Stake built some components internally, but the trading service was mostly based on the use of APIs to external services, including DriveWealth for brokerage functionality;
OFX, Macquarie, TrueLayer, Poli, and PinPayments for foreigh currency exchange (FX) and payment gateways; Trulioo and ProScore for instant identity verification; and Benzinga and Tiingo for stock-specific data, news, and analyst ratings. Amazon Web Services is the hosting provider, with data centres across the world, including Australia, the UK, and Brazil; Stake uses AWS services such as Elastic load balancers, Elastic Cloud Computig (EC2), Lambda functions, and Route 53.

As an example of such connections, the developers connect Stake’s onboarding system to Trulioo for electronic identity verification. Once data such as name, address, date of birth, mobile number and an ID number are entered, they are sent to the vendor’s database which is then compared against a global network of independent data sources.

To effectively use APIs, it is essential to work closely with the providers and understand the use cases, Silver says—otherwise, it won’t matter how good the API documentation is. “No matter how simple an API is, you still got to go and configure it correctly.”

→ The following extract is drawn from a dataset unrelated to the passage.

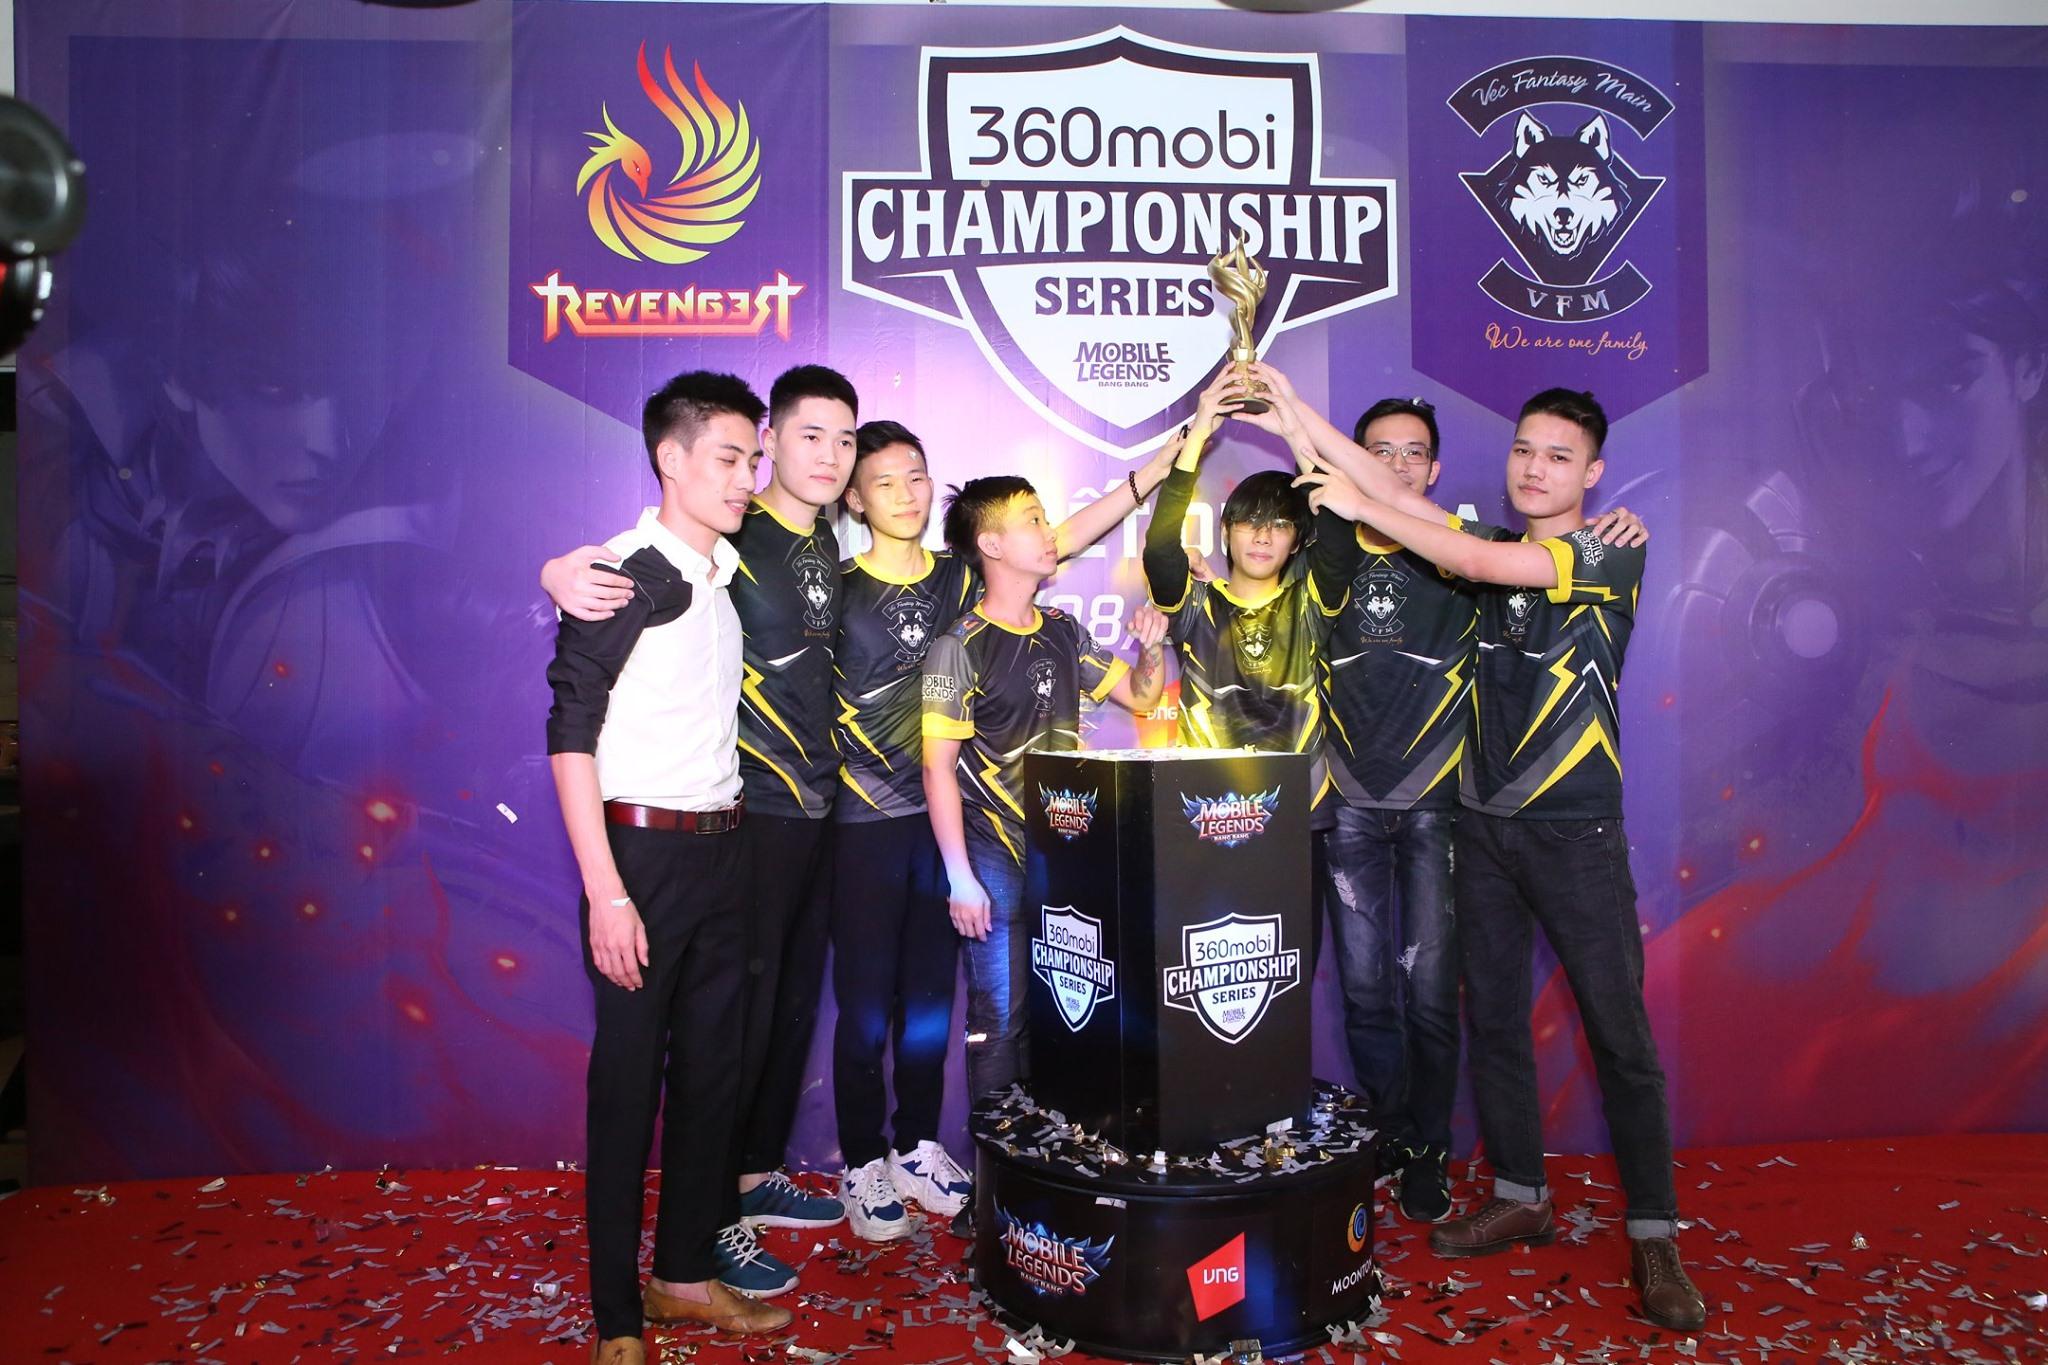 [Mobile Legends] Lên ngôi 360mobi Championship Series mùa 3, VFM trở thành đại diện Việt Nam tham dự Seagames 30

Another good reason to keep those close relationships is that as vendor technologies change, you are ready for how those changes will impact your business and thus can be ready for them, he says.

Scaling for customer growth

Stake experienced a 129% growth in customer acquisition in the first six months of 2020 compared to the previous six months, a likely result of the COVID-19 pandemic and its prior marketing efforts.

An increase in customer numbers is great news but can come at a cost and result in more investment and upgrades to prevent issues such as outages. For that, Stake has auto-scaling hardware on AWS, and it works to optmise code and automate internal processes for better scale.

“For our platform, the major bottleneck in terms of user activity is right at market open, when everyone is often placing the highest number of trades. This is an area we had to give particular attention,” Silver says.

To do that, Stake removed a large dependency in the database by improving caching for user authentication, upgraded the database engine to enable it to scale and better handle the large CPU utilisation spike at market open, and enhanced the internal connectivity between its compute and storage resources to increase overall stability. Stake also implemented a cache-based locking mechanism to better manage thousands of specific concurrent requests and improved the deployment process to scale the infrastructure more efficiently.

“Our optimisations lead to an approximate five-time reduction in overall database CPU utilisation and overall latency, Silver says.

Next for Stake is the implementation of a microservices architecture across some back-end components to enable the business ot scale more efficiently and optimise its deployment processes to decrease the time taken to release new builds.